**Recorded information**

○ ○ ○

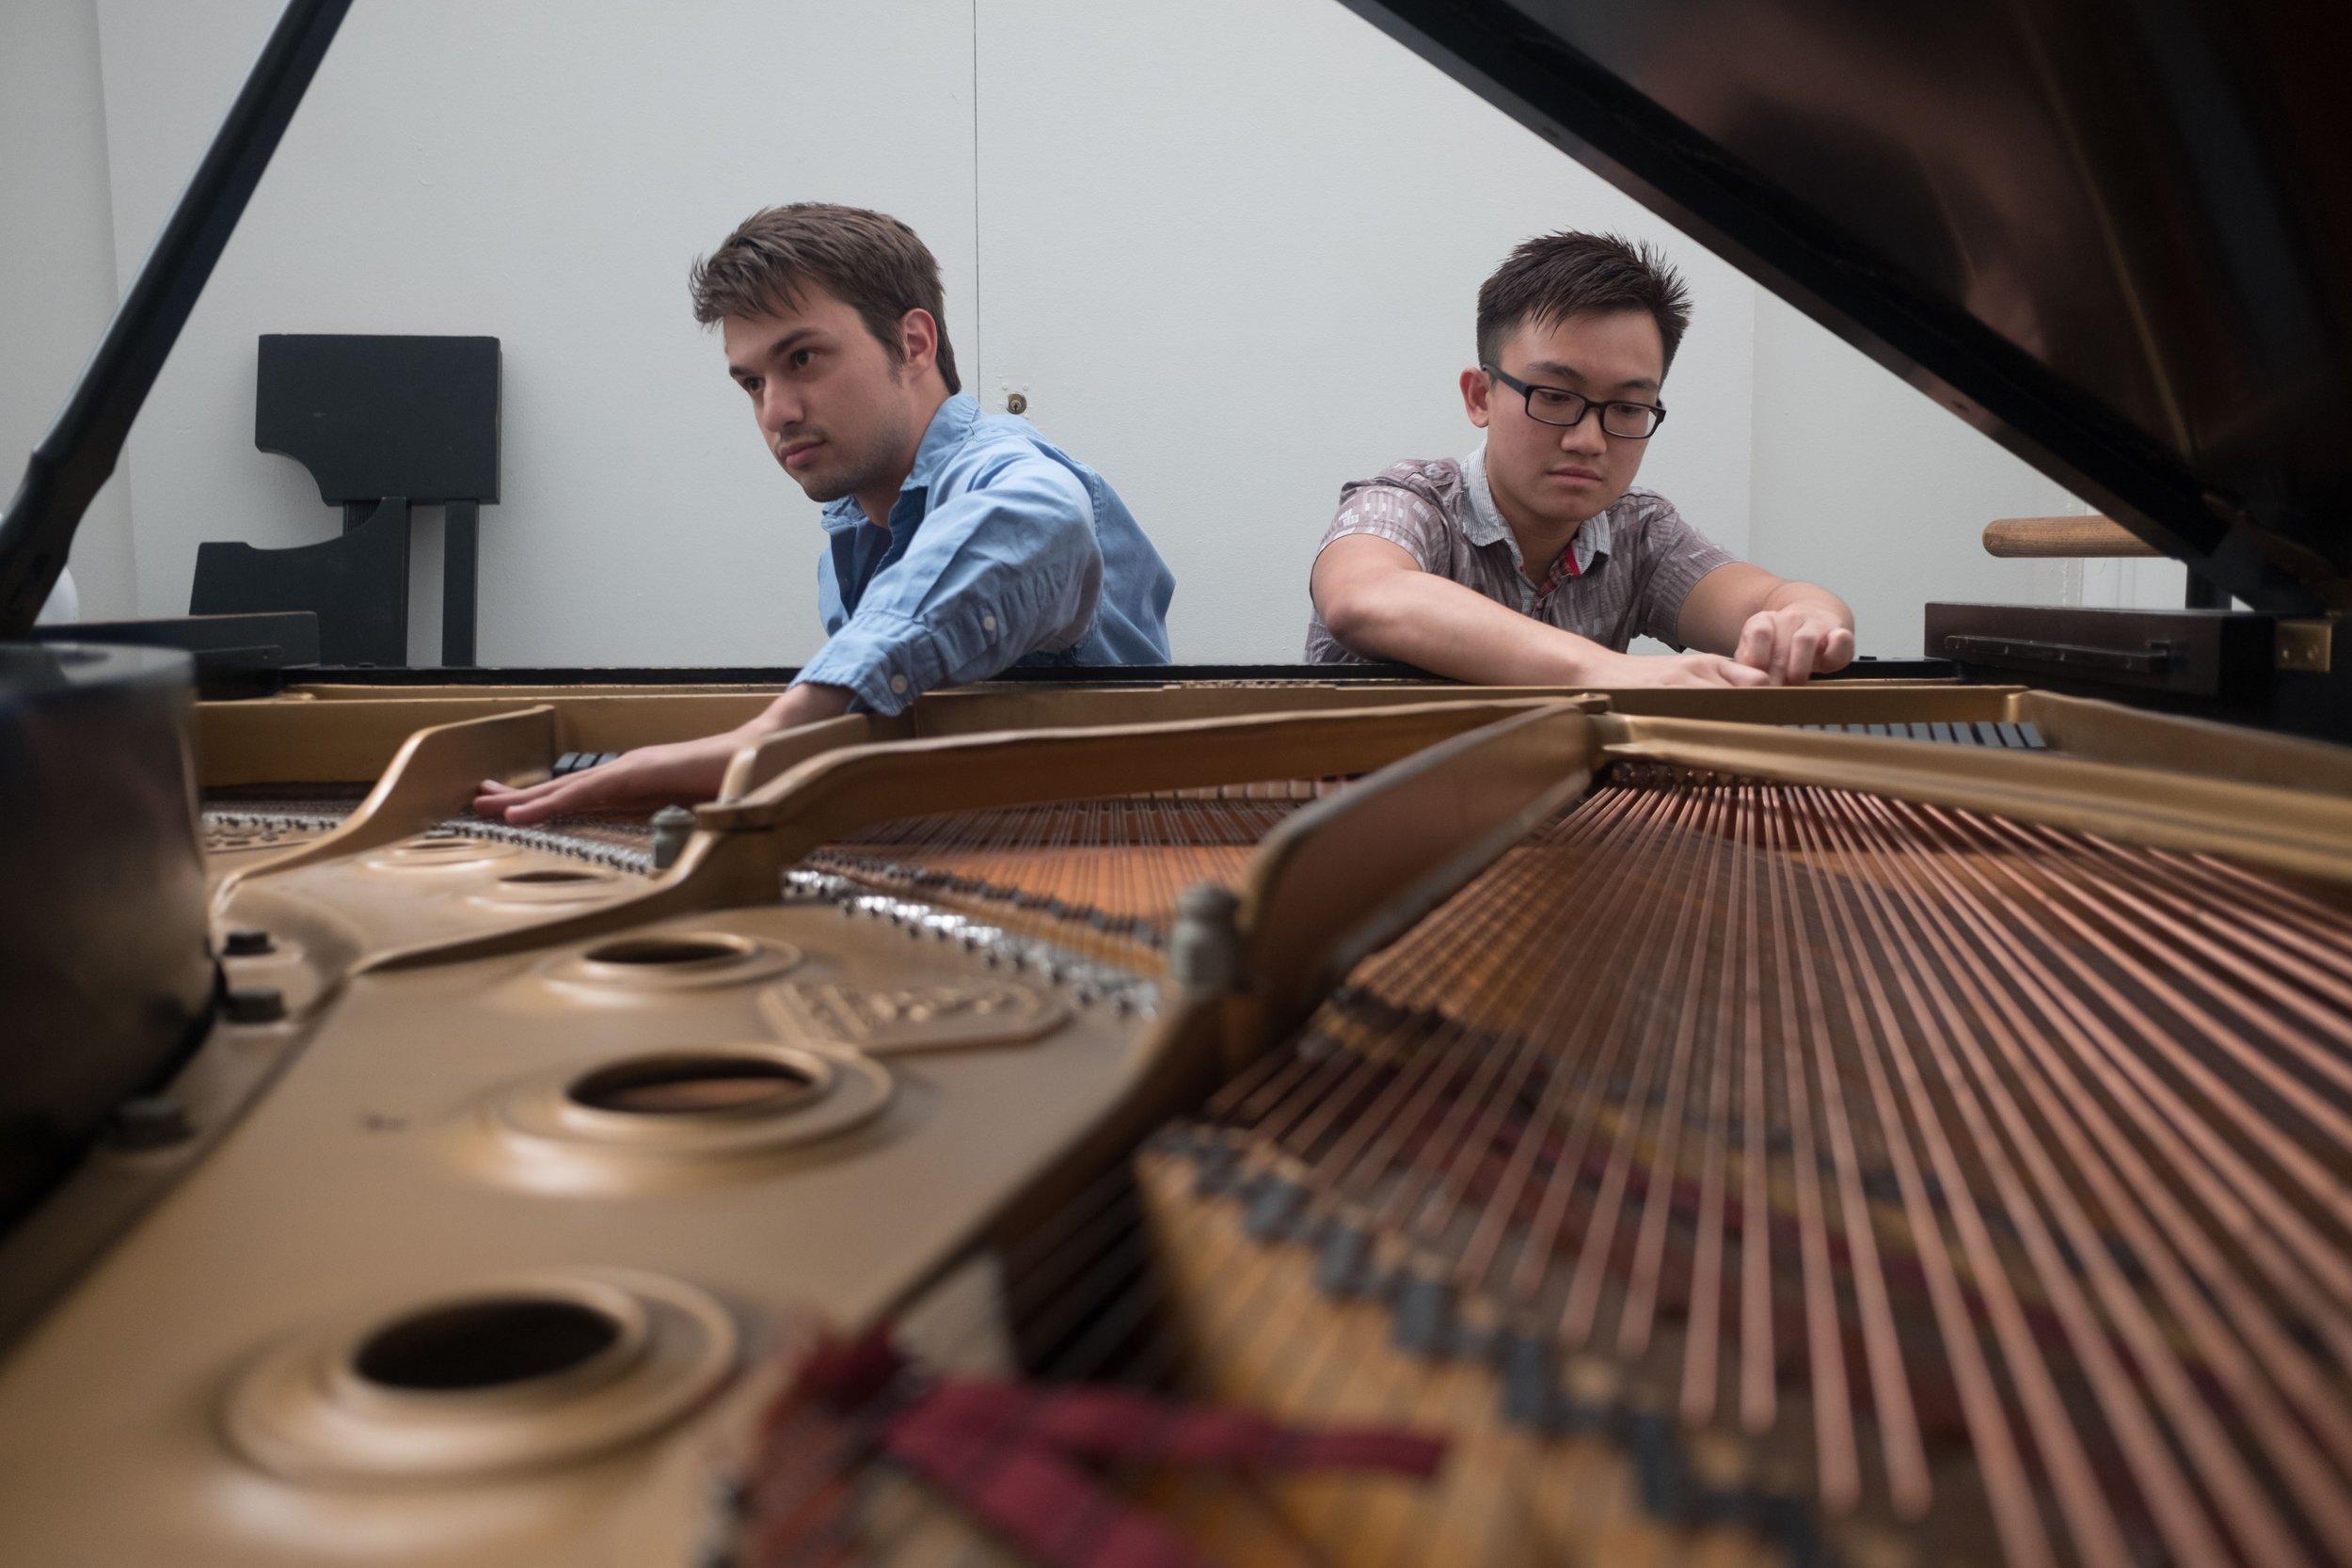 w/ Chris Staknys 2017 Improvisation jam at the Juilliard School
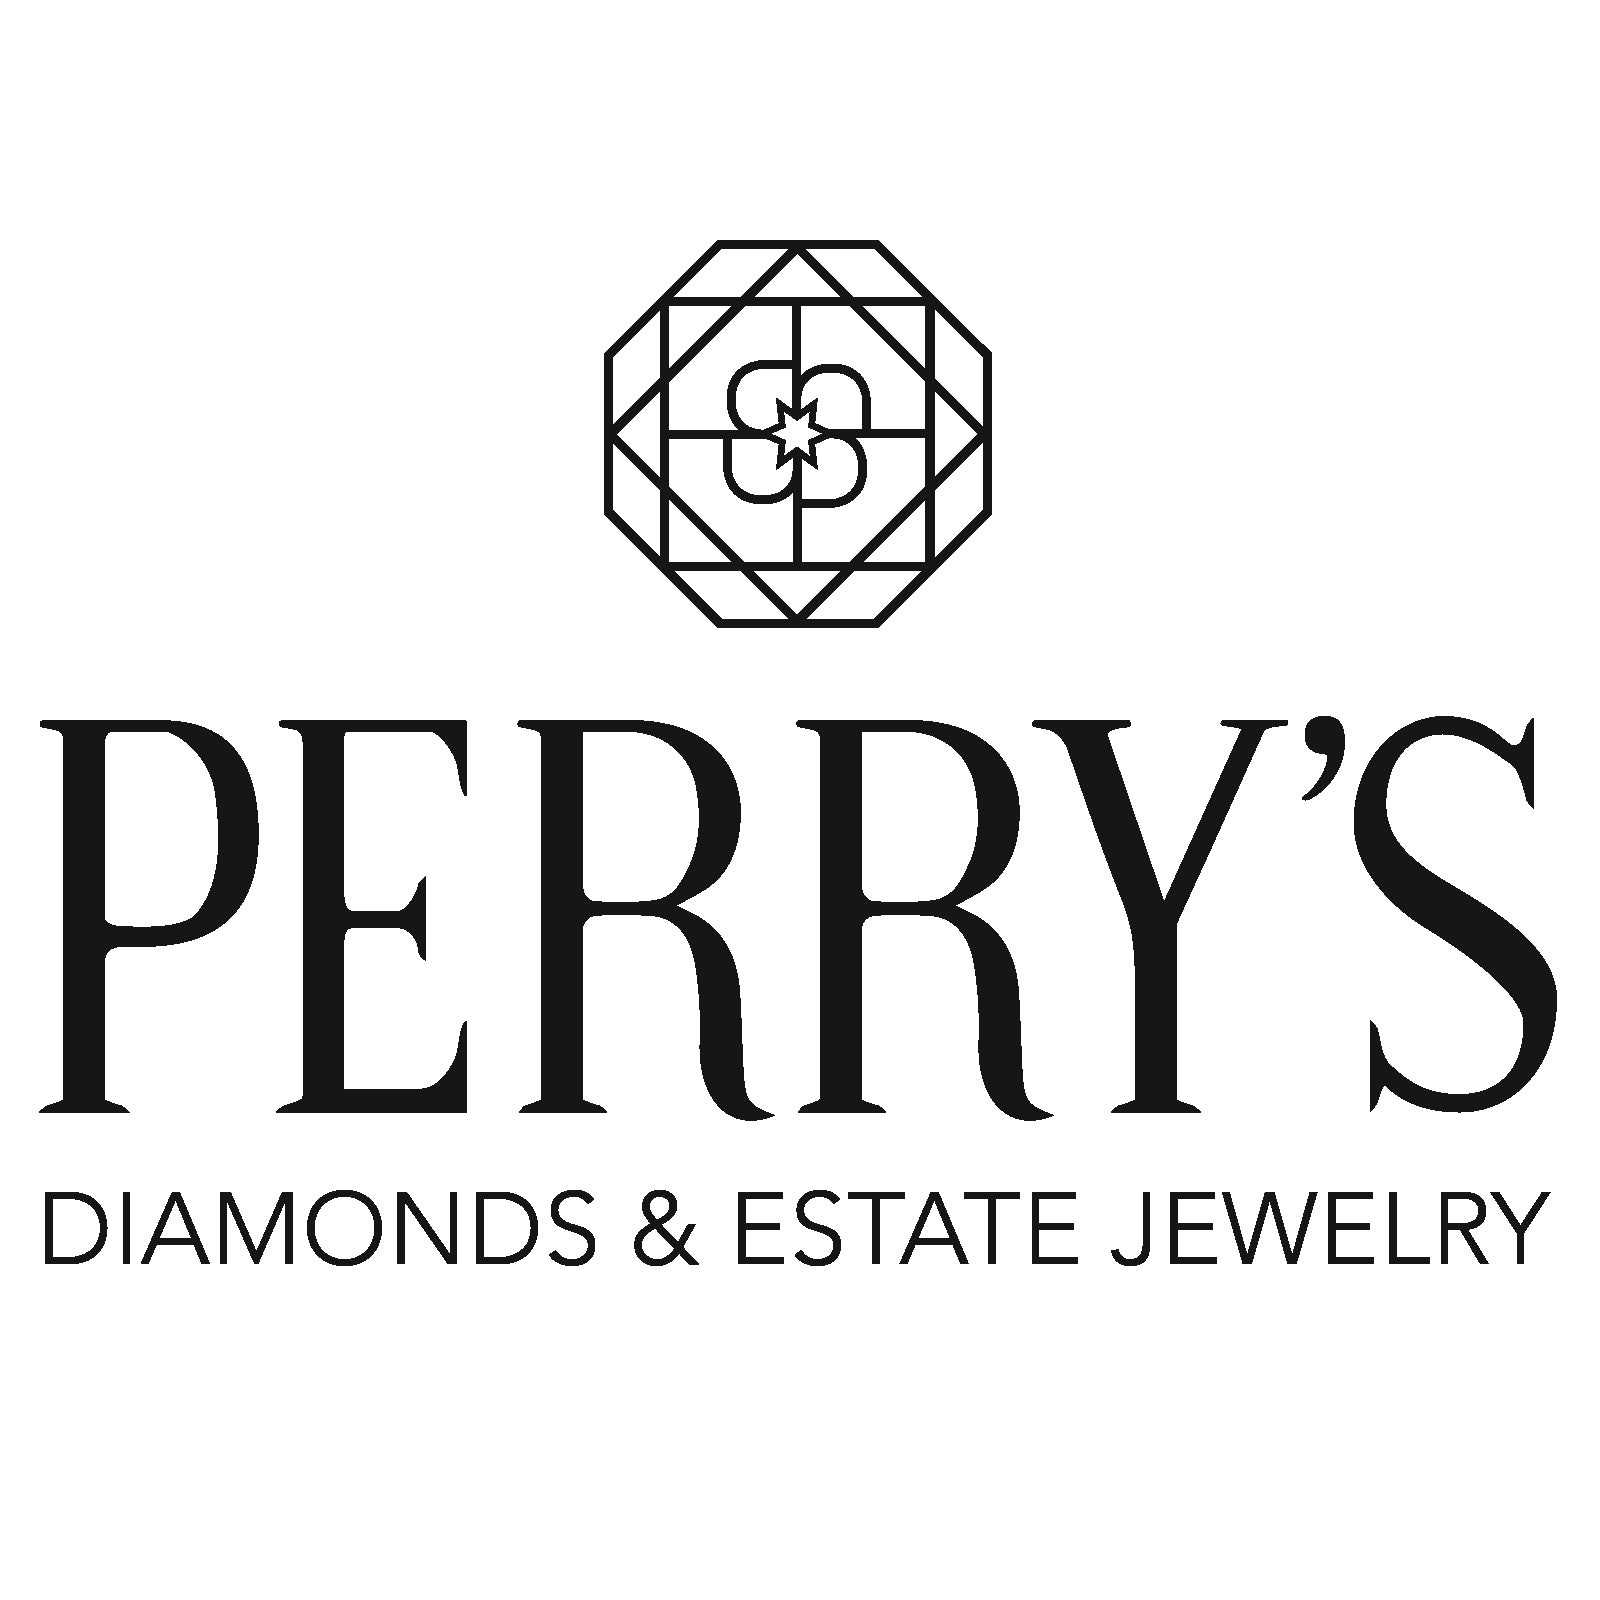 Perry's Diamonds & Estate Jewelry
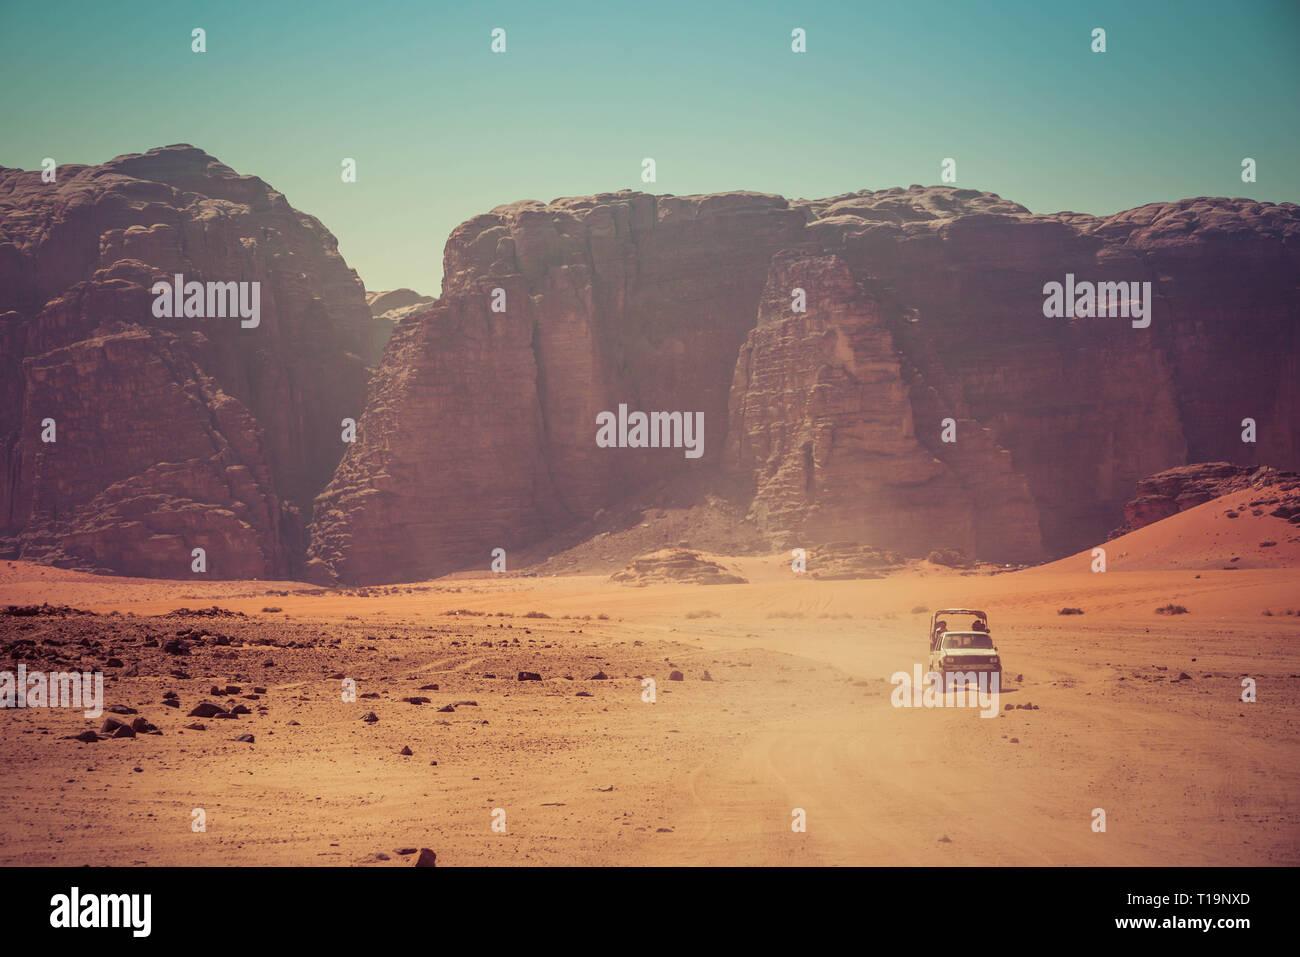 Wadi Rum desert, Kingdom of Jordan Stock Photo

○ ○ ○

**What is expected**
Retype the listing above exactly, pictures excluded.

**The completed task**
 w/ Chris Staknys 2017 Improvisation jam at the Juilliard School
 Perry's Diamonds & Estate Jewelry
 Wadi Rum desert, Kingdom of Jordan Stock Photo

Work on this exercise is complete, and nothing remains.